Step 1: Understanding the Concept:
Surface energy is the energy required to create a certain area of a liquid surface. It is directly proportional to the surface area.
When a large drop is sprayed into many smaller droplets, the total volume remains constant, but the total surface area increases.

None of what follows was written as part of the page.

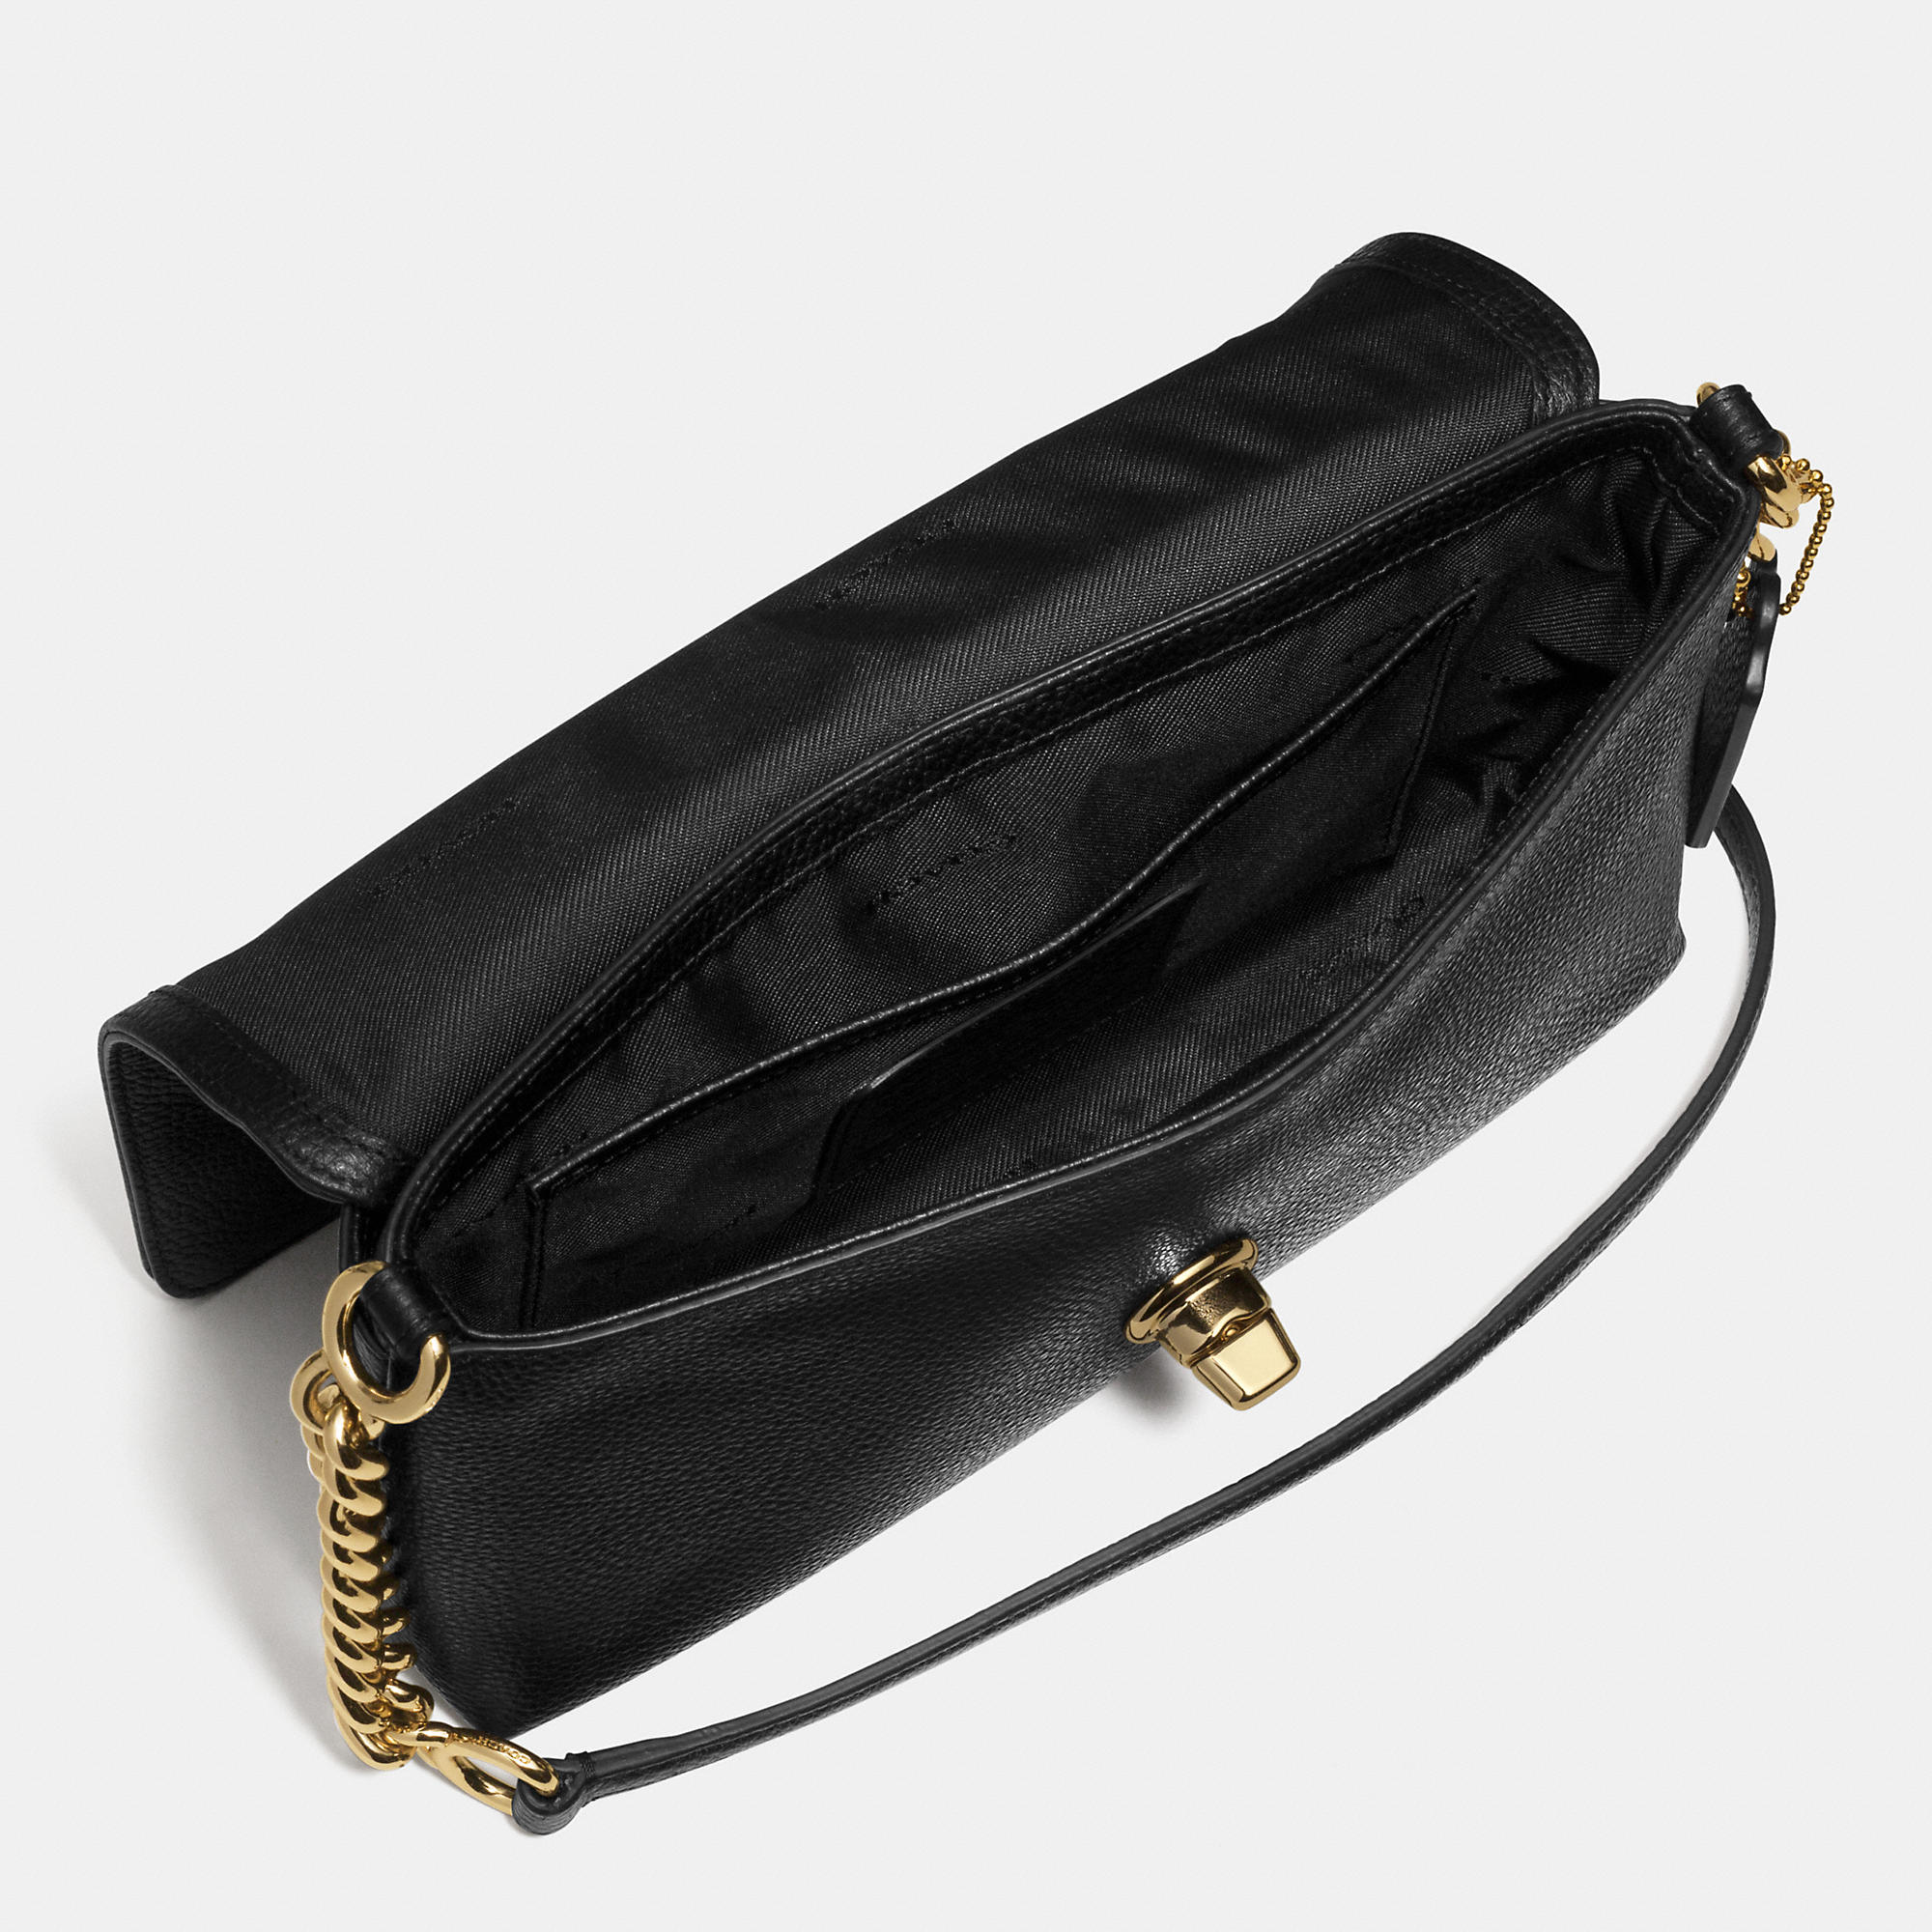 Famous Brand Coach Crosstown Crossbody In Pebble Leather

Because the surface area increases, the total surface energy also increases.
Step 2: Key Formula or Approach:
1. Conservation of Volume: $V_{\text{initial}} = n \times V_{\text{final\_droplet}}$, where $n$ is the number of droplets.
$\frac{4}{3}\pi R^3 = n \times \frac{4}{3}\pi r^3 \implies R = n^{1/3} r \implies r = \frac{R}{n^{1/3}}$.
2. Surface Energy Formula: $E = T \times A$, where $T$ is surface tension and $A = 4\pi R^2$ is the surface area.
Step 3: Detailed Explanation:
Let the initial radius of the large drop be $R$.
Its initial surface energy is given as $V$:
\[ V = T \times 4\pi R^2 \]
The drop is broken into $n = 1000$ equal droplets of radius $r$.
Using volume conservation to find the relationship between $R$ and $r$:
\[ R^3 = 1000 r^3 \]
Taking the cube root of both sides:
\[ R = 10 r \implies r = \frac{R}{10} \]
Now calculate the total surface energy of the new 1000 droplets, let's call it $V_{\text{new}}$:
\[ V_{\text{new}} = 1000 \times (\text{Surface energy of one small droplet}) \]
\[ V_{\text{new}} = 1000 \times \left( T \times 4\pi r^2 \right) \]
Substitute $r = R/10$:
\[ V_{\text{new}} = 1000 \times T \times 4\pi \left(\frac{R}{10}\right)^2 \]
\[ V_{\text{new}} = 1000 \times T \times 4\pi \frac{R^2}{100} \]
\[ V_{\text{new}} = \left(\frac{1000}{100}\right) \times \left( T \times 4\pi R^2 \right) \]
\[ V_{\text{new}} = 10 \times (V) \]
Step 4: Final Answer:
The total surface energy of all the droplets is $10\text{ V}$.